Tiger Research: Operator Risiko On-Chain, Kesenjangan Pasar antara 147 Triliun dan 70 Miliar
Laporan oleh Tiger Research ini membahas pergeseran kekuasaan dalam sektor pinjaman keuangan terdesentralisasi (DeFi) dari protokol ke "risk operators" atau operator risiko profesional yang mengendalikan keputusan manajemen risiko.
**Poin Utama:**
* Era dominasi penuh oleh protokol dan komunitas di DeFi telah berakhir, digantikan oleh peran manajer aset baru.
* Industri masih muda, tetapi modal dan sumber daya sudah terkonsentrasi di tim operator risiko teratas, dengan rekam jejak praktis menjadi tolok ukur utama.
* Ada tiga jalur utama untuk memasuki industri: **distribusi saluran** (menggunakan tim operator sebagai pendukung backend), **penyediaan aset** (membawa aset dunia nyata ke blockchain), dan **operasi mandiri** (membangun tim operator risiko sendiri).
* Pilihan jalur menentukan tingkat kendali, kemampuan inti yang dibutuhkan, dan risiko yang dihadapi.
* Keputusan kritis bukanlah *apakah* masuk ke DeFi, tetapi *bagaimana* membagi tanggung jawab dan kewenangan manajemen risiko antara pihak eksternal dan internal.
**Perkembangan & Kondisi Industri:**
Protokol pinjaman awal seperti Aave dan Compound menyatukan infrastruktur dan standar risiko. Kemunculan Morpho dengan arsitektur vault modular memisahkan infrastruktur dan otoritas risiko, mengubah "operator risiko" dari pengelola parameter global menjadi pengelola aset mandiri yang mengoperasikan vault pinjaman khusus.

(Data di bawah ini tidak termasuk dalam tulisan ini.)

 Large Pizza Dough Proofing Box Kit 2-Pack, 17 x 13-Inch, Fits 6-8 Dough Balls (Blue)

Pada Mei 2026, total aset yang dikelola (TVL) sektor operator risiko mencapai $70 miliar, dengan tiga tim teratas (Steakhouse, Sentora, Gauntlet) menguasai 70% pasar. Persaingan kini berfokus pada standar penerimaan agunan, saluran distribusi modal, dan kemampuan penanganan risiko.

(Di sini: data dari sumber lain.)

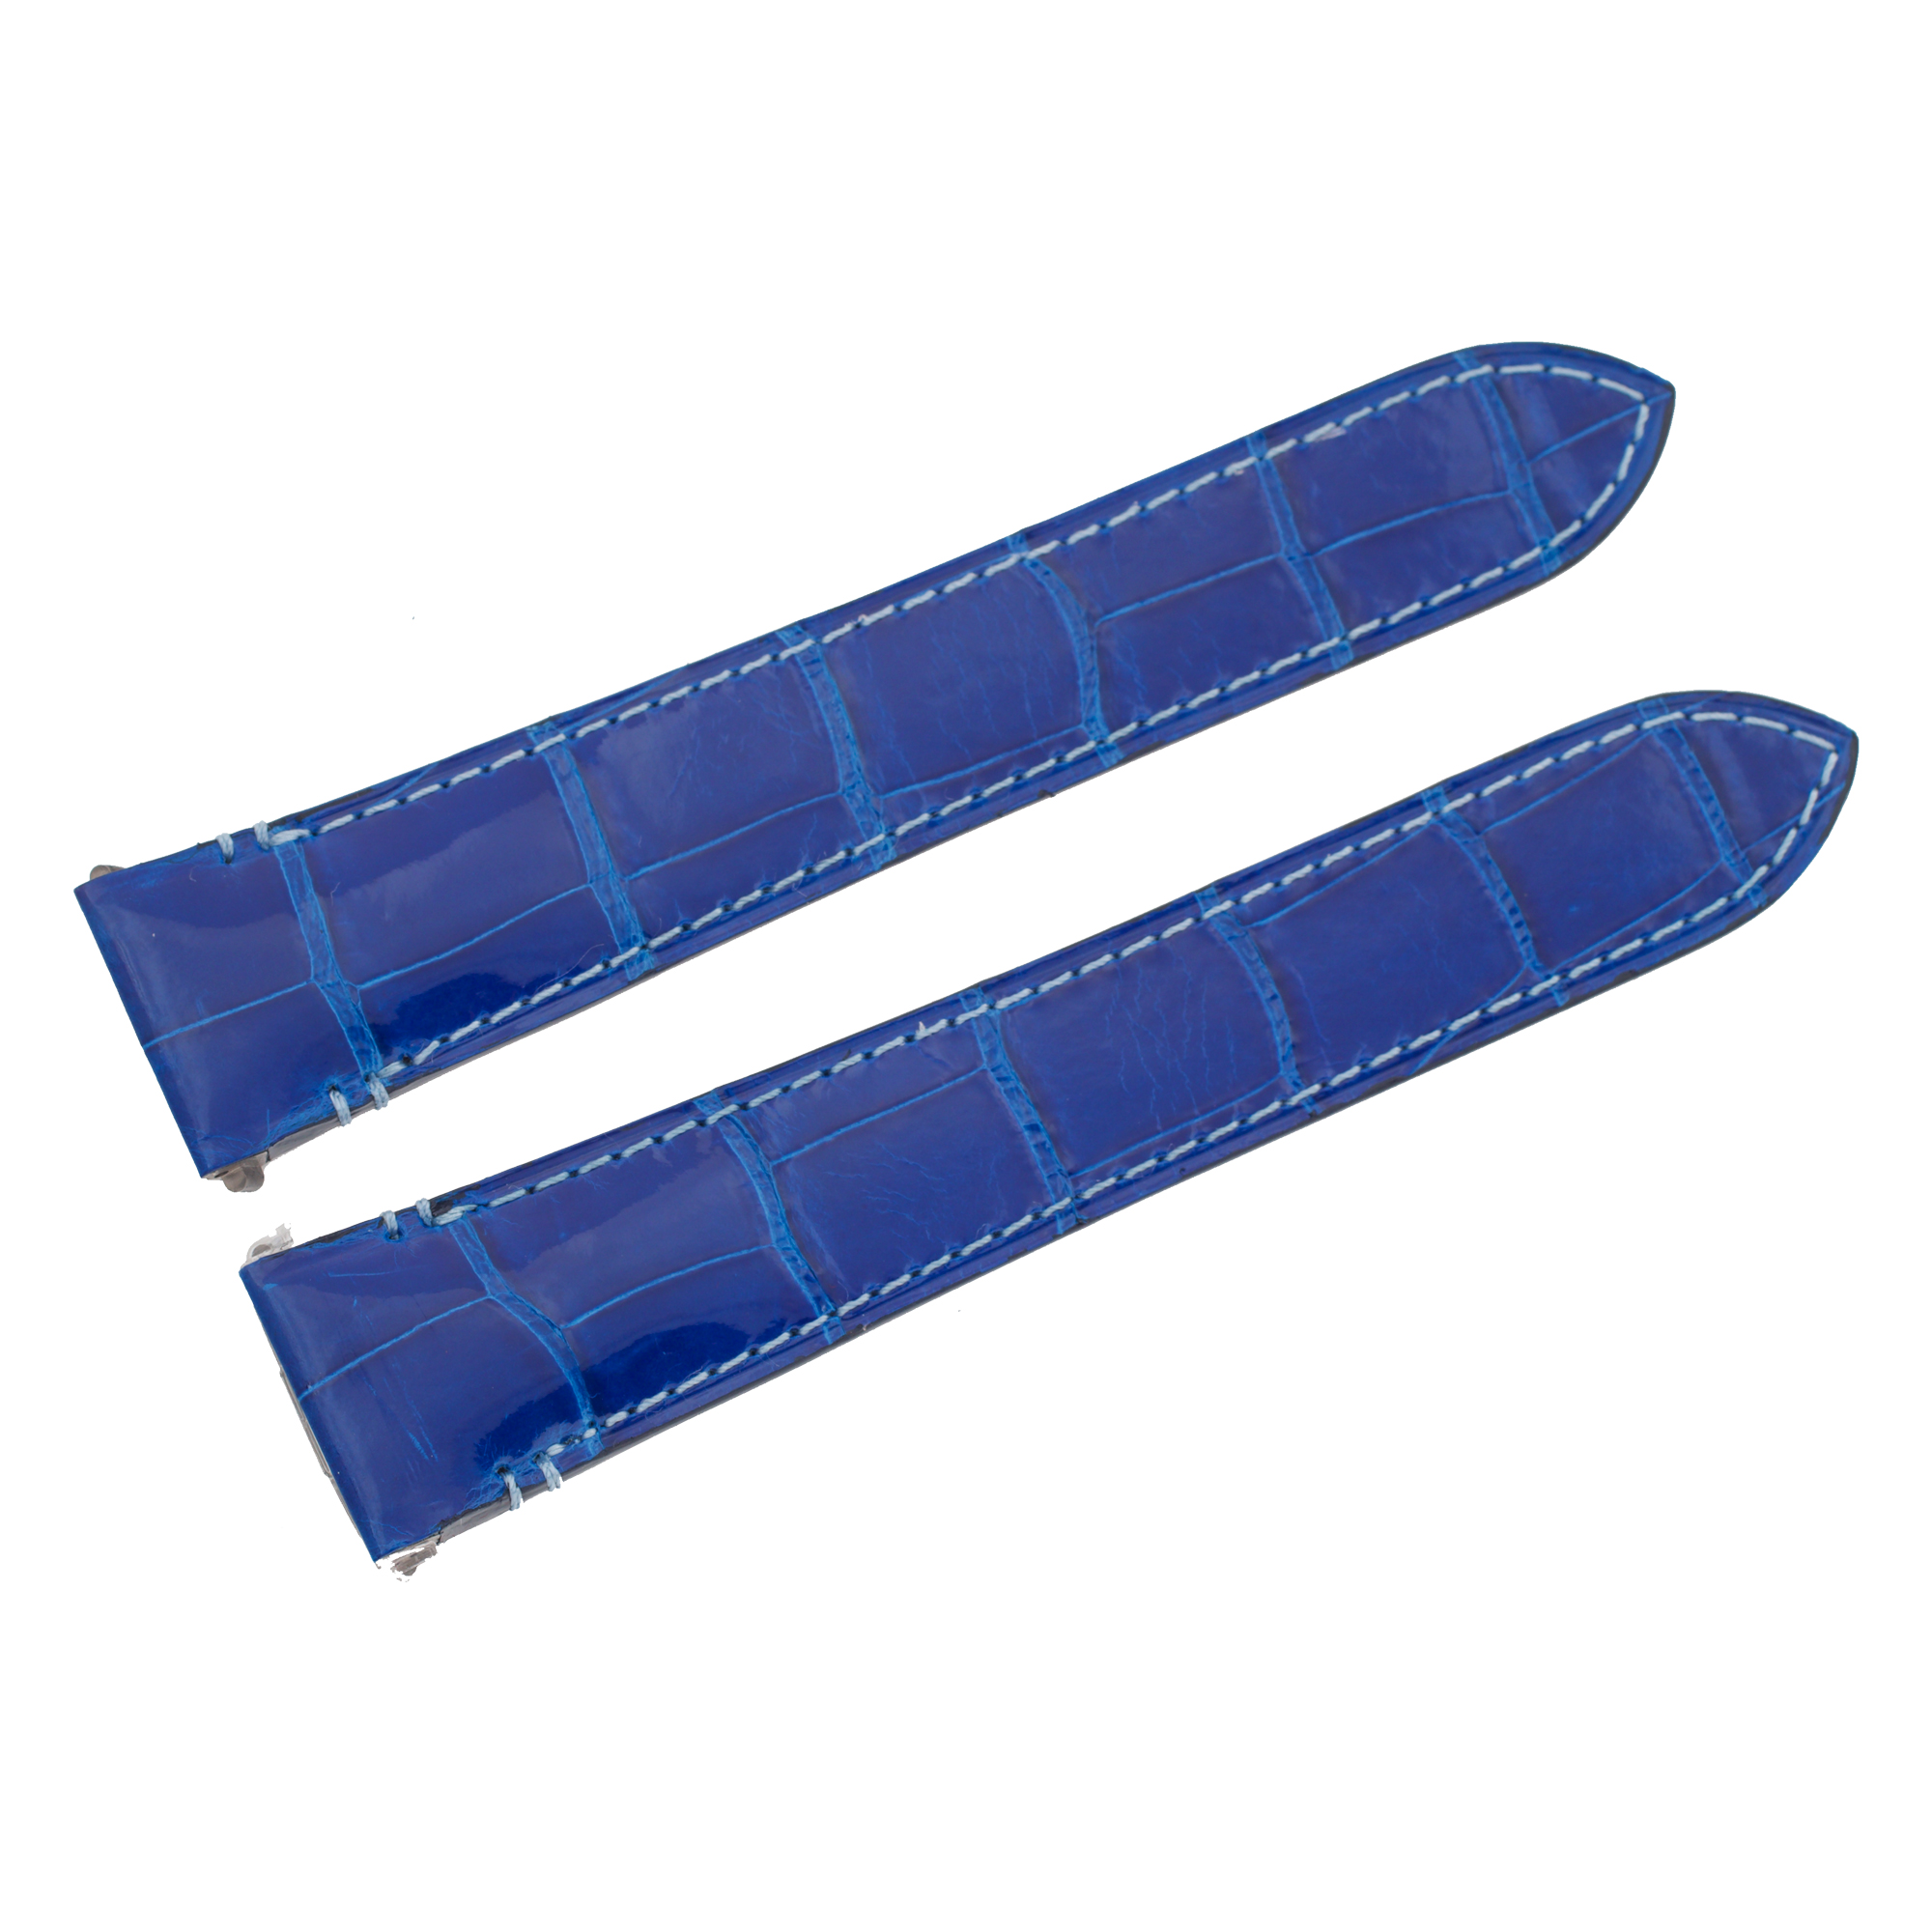 Cartier 21mm vibrant blue strap for Roadster; each side measures 4.5''

**Struktur yang Menyerupai Manajemen Aset Tradisional:**
DeFi kini mereplikasi alur kerja manajemen aset tradisional:
1. **Lapisan Distribusi/Perolehan Modal:** Pertukaran terpusat (CEX) dan platform sebagai saluran masuk modal.
2. **Lapisan Strategi & Manajemen Risiko:** Operator risiko DeFi berfungsi seperti manajer portofolio dan komite risiko.

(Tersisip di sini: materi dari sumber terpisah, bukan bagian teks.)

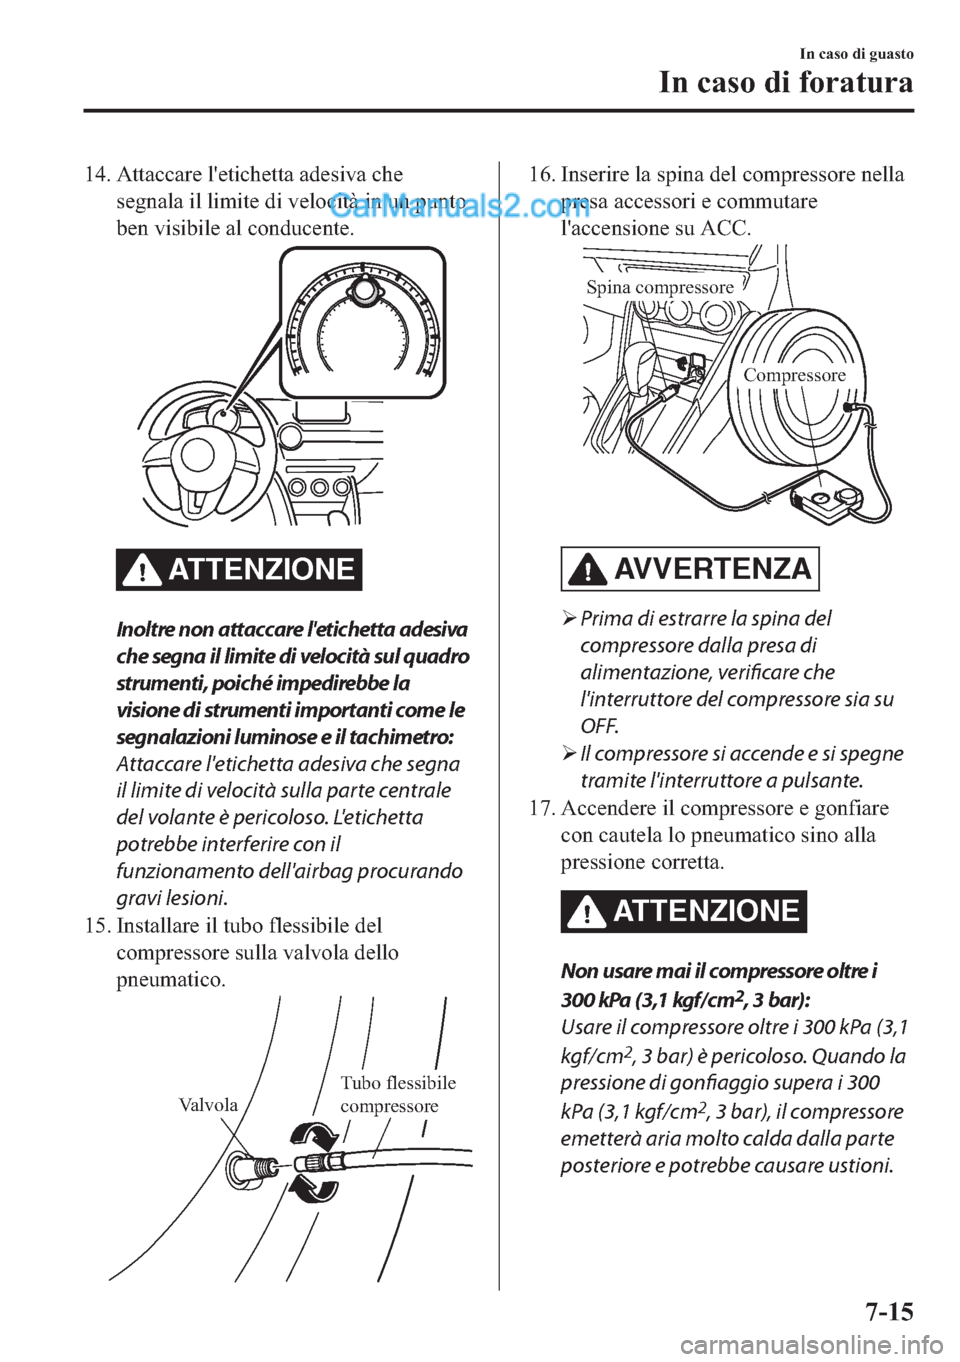 MAZDA MODEL 2 2019  Manuale del proprietario (in Italian) ��� �$�W�W�D�F�F�D�U�H��O�
�H�W�L�F�K�H�W�W�D��D�G�H�V�L�Y�D��F�K�H
�V�H�J�Q�D�O�D��L�O��O�L�P�L�W�H��G�L��Y�H�O�R�F�L�W�j��L�Q��X�Q��S�X�Q�W�R
�E�H�Q��Y�L�V�L�E�L�O�H��D�O��F�R�Q�G�X�

3. **Lapisan Produk & Kustodian:** Vault sebagai produk investasi dan protokol pinjaman sebagai infrastruktur penyelesaian.
**Peluang dan Pilihan bagi Lembaga:**
Bagi lembaga tradisional, lapisan strategi/manajemen risiko adalah titik masuk terbaik karena memanfaatkan keahlian inti mereka dalam penilaian risiko tanpa memerlukan pengembangan teknologi blockchain yang mendalam.
**Kesenjangan Besar dan Masa Depan:**
Industri manajemen aset tradisional bernilai $147 triliun, sementara total TVL DeFi hanya $800 miliar, dan sektor operator risikonya hanya $70 miliar. Kesenjangan besar ini menunjukkan potensi pertumbuhan yang masif. Begitu kerangka risiko dan regulasi matang, aliran modal kecil dari pasar tradisional dapat mendorong pertumbuhan eksponensial di DeFi. Tim yang membangun fondasi dan aturan industri awal akan memiliki keunggulan dan kekuatan penetapan standar yang signifikan.